A little more exploration of his emotions could be used as well. He felt lost, he had nobody to turn to. This is good, but it could go further. _He began to doubt himself. Why had he survived alone among all others? Why had he been spared the flame? Doubt began to gnaw at his soul as he sank further into grief and despair._

These are just little tidbits you`ll get the hang of as you go. But I see potential here, so keep at it. :good: 

You also need to check for punctuation that you`re missing in places.


----------



## Kaiden (Apr 1, 2010)

Thats exactly the sort of feedback i was looking for, thank you.
I'll rewrite properly when i get some more time as I have planed out quite a long story.


----------



## deathbringer (Feb 19, 2009)

i have to agree with serpion, i think much of it could have been drawn out, the battle of the beseiged could quite easily have been drawn into a couple of chapters in itself. 
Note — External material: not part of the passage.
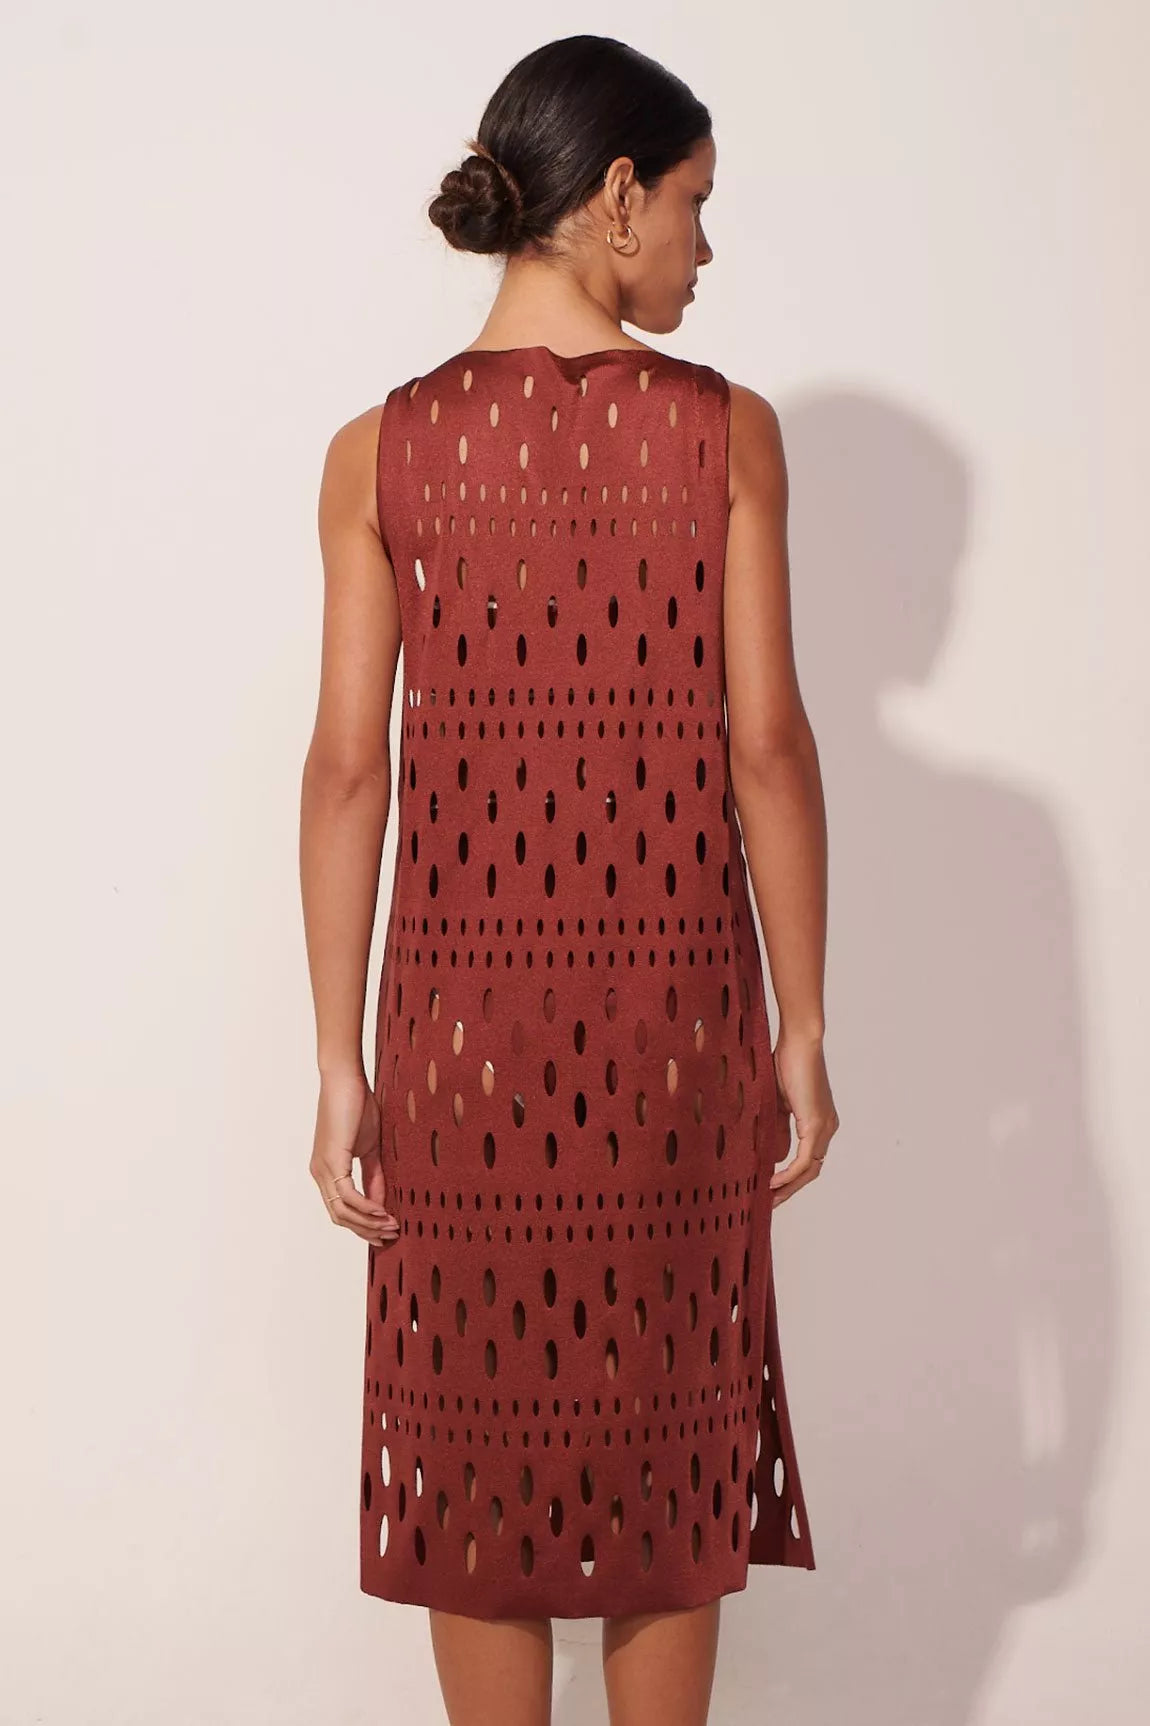 The Summer Dreammer Dress Red Wine - ANCORA

I also felt it was too emotionally devoid, it felt impassive, like a retelling from a history book, rather than the emotional blow by blow account, which would have more impact and also allow you to introduce the personality and traits of the charactor we would follow through the rest of the tale from an outside perspective


I would personally rewrite it perhaps with one of the bladesworn terminators, looking out over the world, a world ravaged by beasts from beyond the stars.
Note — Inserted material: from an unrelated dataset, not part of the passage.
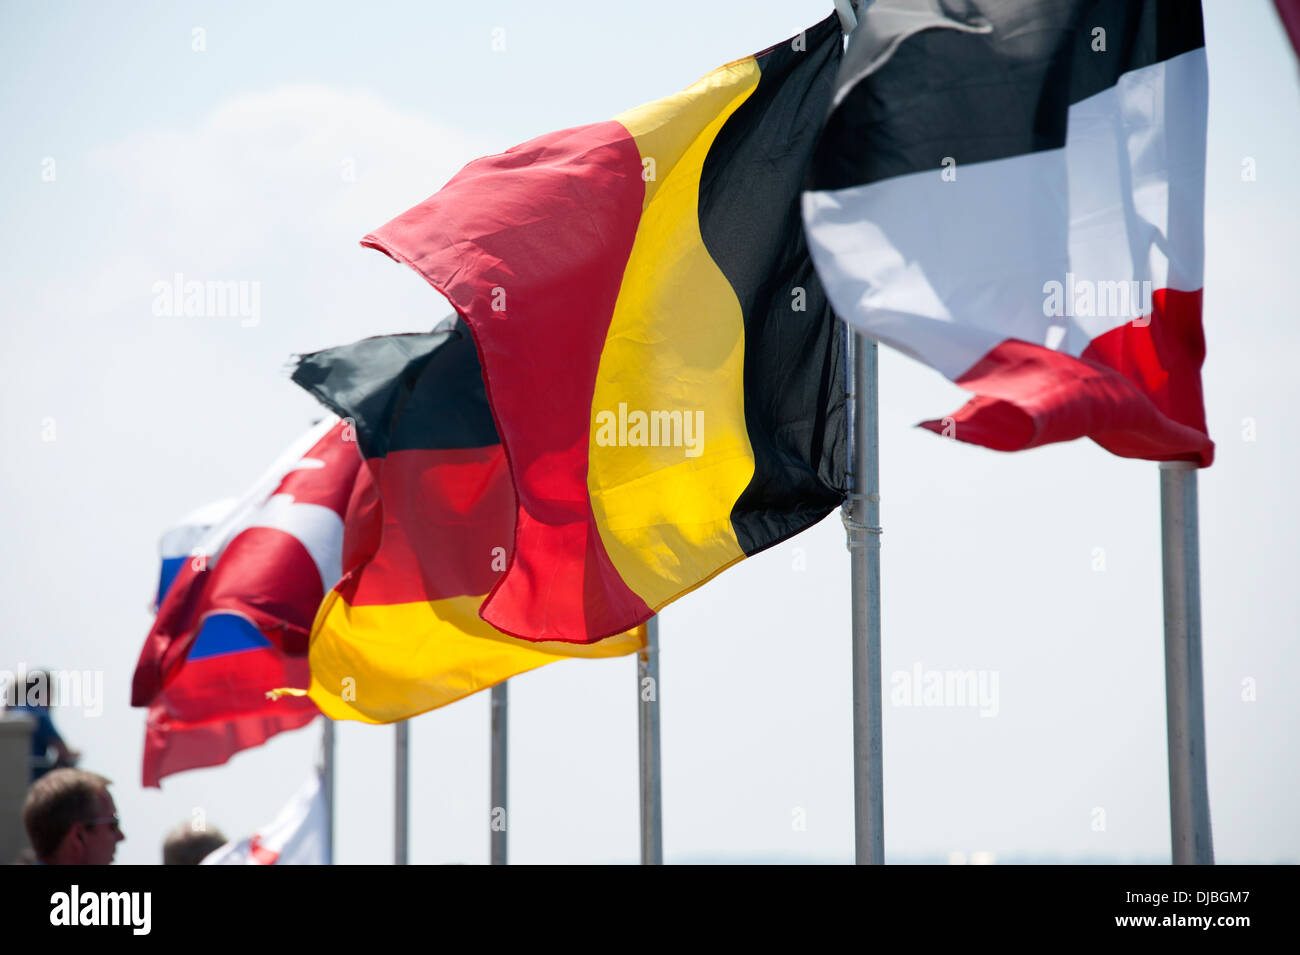 Flags of the Nations Countries Flags Blowing in Wind Stock Photo

It would allow you liscense to discuss how the world had once been and give you a more emotive and descriptive perspective from which to discuss the events. It would also give you a footing from which to drive the story forward, allowing you to discuss the inspiration that sent you to try and cut off the head of the beast. watch your brothers cut down one by one, until the main charactor rends the head from the beasts shoulder


----------



## gothik (May 29, 2010)

it took me a long time to learn to round my tales off. This is an interesting story but just as i was getting into a part it moved too quickly onto another part and i was left wondering who, where and why.

however that being said i like the main character and think if you go back to the drawing board flesh the prologue out a bit more and his character a little more then you could well be onto a winner here and take your time..something i have had to learn to do

i have always been an amateaur writer but until i started writing on here i thought i was not bad now recently my wriing style has improved thanks to CnC that i get given. 
it is these comments that tell you where you might be going wrong or where you are going right.

hope this helps


----------



## Kaiden (Apr 1, 2010)

Thanks for the help everyone, ive got some time off this week so ill do a full rewrite


----------